When I talk about hitting 180, I mean hitting 180 at an average step length: It’s possible for a weaker runner to shorten their stride to artificially increase their cadence without going above the aerobic threshold. But I consider this a rather useless hack, since in my experience it doesn’t really get runners the performance benefits expected of reaching “the magic 180 mark.” (More on this in a future post.)

For a workout to be “running performance training” (endurance or otherwise), it needs to train the key pieces necessary to improve running performance. So whenever you’re not actively training the stretch-shortening cycle, you’re not really doing “running performance training” in my book. “Running endurance training” would be about teaching the body how to run for longer, at a lower intensity, while maintaining a reasonable cadence.

So, whenever an aerobically weak runner trains under the aerobic threshold, I consider it to be quality aerobic training but NOT “running performance training.”

It’s not that their running performance won’t increase—it will. Let me illustrate with a rather extreme example: If playing checkers is the only active thing someone does, playing checkers is better for their running performance than not doing so. But because it doesn’t train the critical systems for running, I don’t think of it as “running performance training.”

Of course, running at a low cadence shares a lot more with running at a high cadence than playing checkers does. But the idea here is to set the highest possible bar for what “running performance training” should mean: training the key systems that running performance rests on. And running without substantially activating the stretch-shortening cycle really doesn’t meet that criteria.

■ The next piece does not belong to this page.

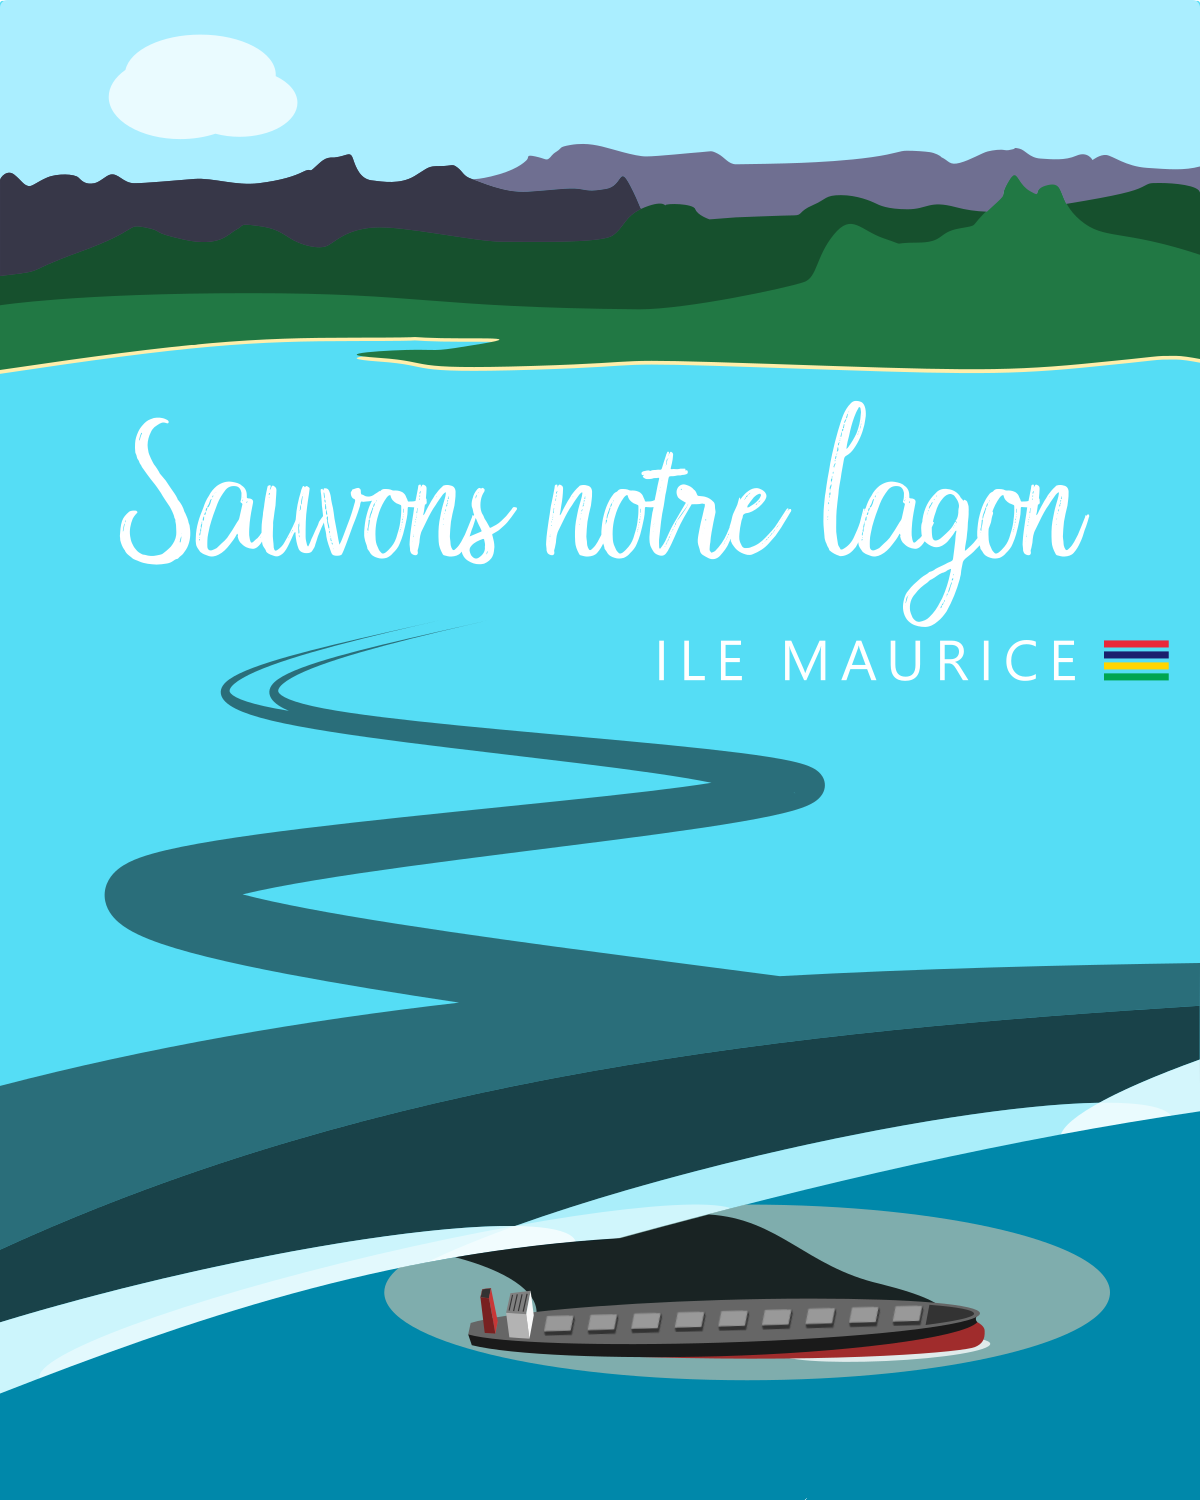 Kotomili Mauritius Sauvons notre lagon

(We can say that running without the stretch-shortening cycle still helps you to improve your running—to a point. But you can’t hope to maximize your performance gains without it.)

For a competent runner (someone who can engage their stretch-shortening cycle at low physiological intensity), “aerobic training” and “running endurance training” become identical: just about all of their training provides all the benefits they need to maximize their running endurance.

What is a less-powerful runner to do with all this information? If I could say only one thing:

Jump rope! Jumping rope (on both feet, alternating feet, on one foot, spinning around, crossing the rope, etc.) is training primarily the stretch-shortening cycle up and down the body, almost identically to the way it’s used in running. IMO, if a runner does only one other thing besides running, it should be to explore and master the jump rope to its fullest potential.

UPDATE Nov 18, 2016: Another (great!) article on the mechanics of running, also touting the potential of jumping rope.

But there’s a lot more than this. Now that I’ve covered all the theoretical ground I absolutely need to cover for my following posts to have any real substance, I can begin to discuss concrete strategies that the runner can use.

Addendum (for the curious): Why do I focus so much on fleshing out the principles (and, more importantly, taking so long to get to the processes)?

Because the idea, of course, isn’t to “balance” aerobic training with performance training. (That’ll only increase endurance.) The idea is to potentiate aerobic training with performance training. (That’ll maximize endurance.) And to turn balance into potentiation, it’s necessary to already have understood the “why.”